A radio telescope is the tool of choice for such listening experiments because it's designed to detect longer-wavelength energy that optical telescopes can't see. In radio astronomy, a giant dish is pointed to a nearby, sunlike star and tuned to the microwave region of the electromagnetic spectrum. The microwave frequency band, between 1,000 megahertz and 3,000 megahertz (MHz), is ideal because it's less contaminated with unwanted noise. It also contains an emission line -- 1,420 MHz -- that astronomers can hear as a persistent hiss across the galaxy. This narrow line corresponds to energy transformations taking place in neutral hydrogen. As a primordial element of the universe, hydrogen should be known to all intergalactic civilizations, making it an ideal marker. Several teams from around the world have been systematically listening to stars across the Milky Way and adjacent galaxies since 1960.
Despite their collective efforts, no SETI search has received a confirmed, extraterrestrial signal. Our telescopes have picked up a few unexplained and intriguing signals, such as the so-called "Wow" signal detected by researchers at Ohio State University in 1977, but no transmission has been repeated in such a way that it provides indisputable evidence of extraterrestrial life. All of which brings us back to the Fermi Paradox: If thousands of civilizations in the Milky Way galaxy, why haven't we detected them?
Since Drake and Sagan made their estimates, astronomers have become more conservative. Paul Horowitz, who boldly guaranteed the existence of extraterrestrial life, has generated more modest results from the Drake Equation, finding that N may be closer to 1,000 civilizations [source: Crawford]. But even that figure may be too large.
In 2002, Skeptic magazine publisher Michael Shermer argued that astronomers weren't being critical enough in their evaluation of L, the length of time a civilization remains detectable. Looking at 60 civilizations that have existed on Earth since the dawn of humanity, Shermer came up with a value for L that ranged from 304.5 years to 420.6 years. If you plug these numbers into the Drake Equation, you find that N equals 2.44 and 3.36, respectively. Tweak the numbers some more, and you can easily get N to fall to one or even lower.

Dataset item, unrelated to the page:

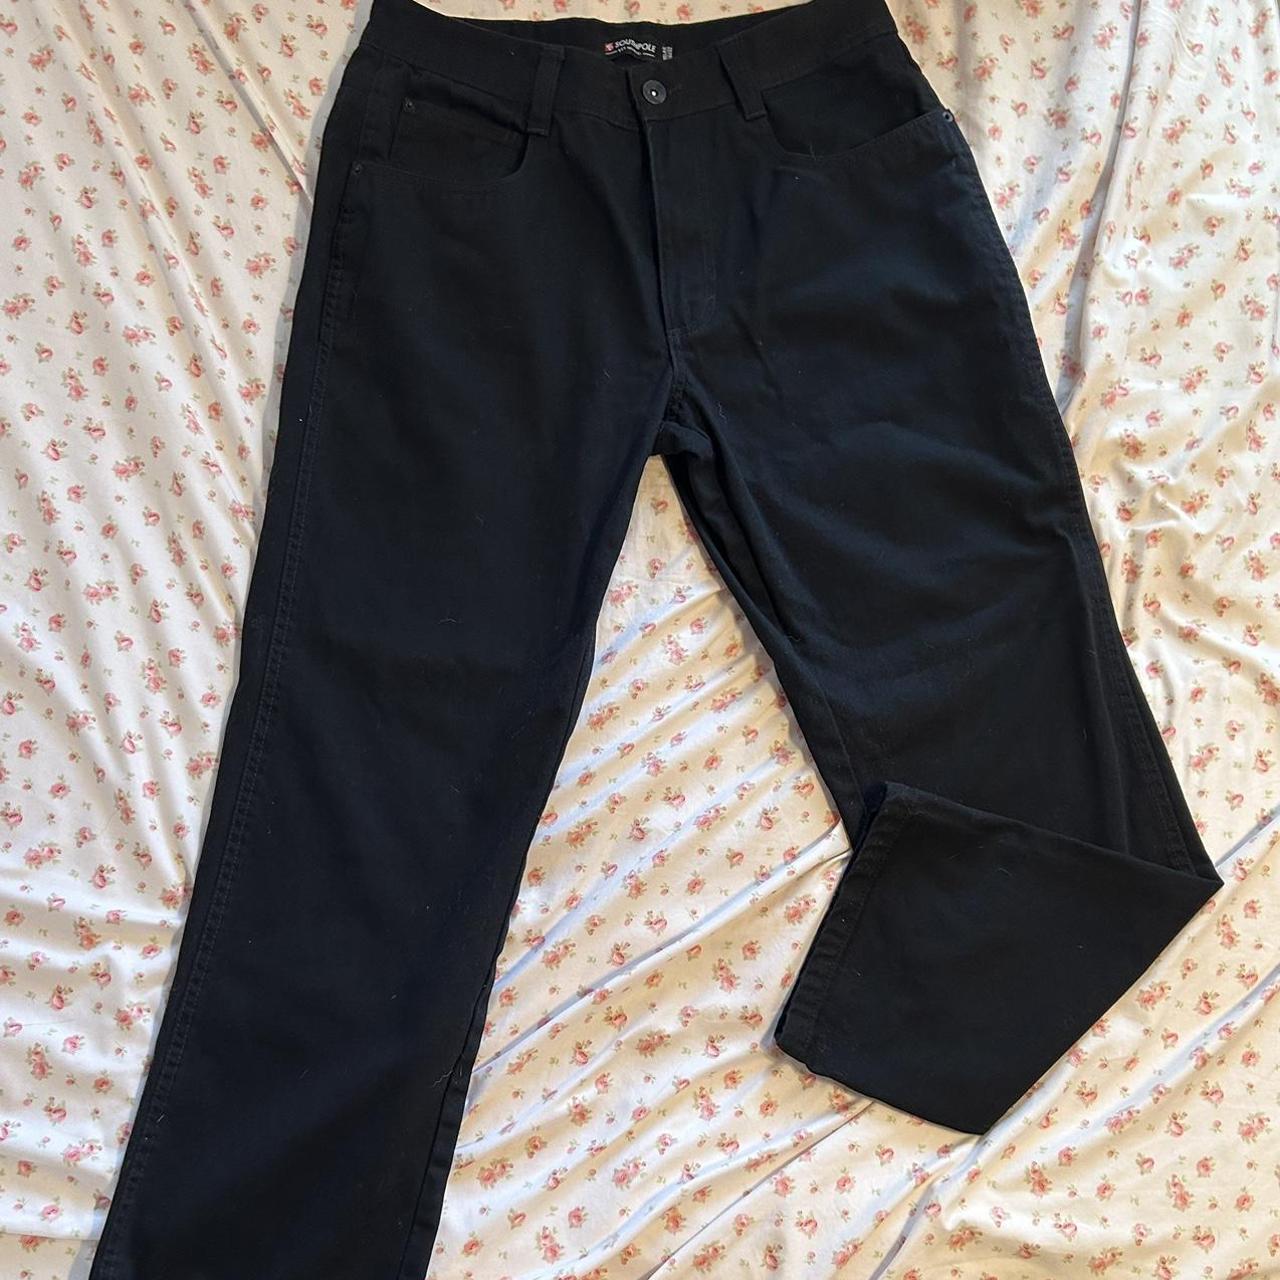 black southpole straight leg jeans 🌸size... - Depop

Suddenly, the odds of hearing from an extraterrestrial life form are considerably lower.
Even the most enthusiastic SETI supporters are troubled by the lack of results produced by more than 40 years of "listening" to the cosmic airwaves. And yet most of that search has been confined to our home galaxy. Even if there are only three or four civilizations per galaxy, there are billions and billions of galaxies. This tilts the odds again in favor of finding extraterrestrial life, which is why many SETI astronomers take the same approach to their work as lottery players: You can't win if you don't play.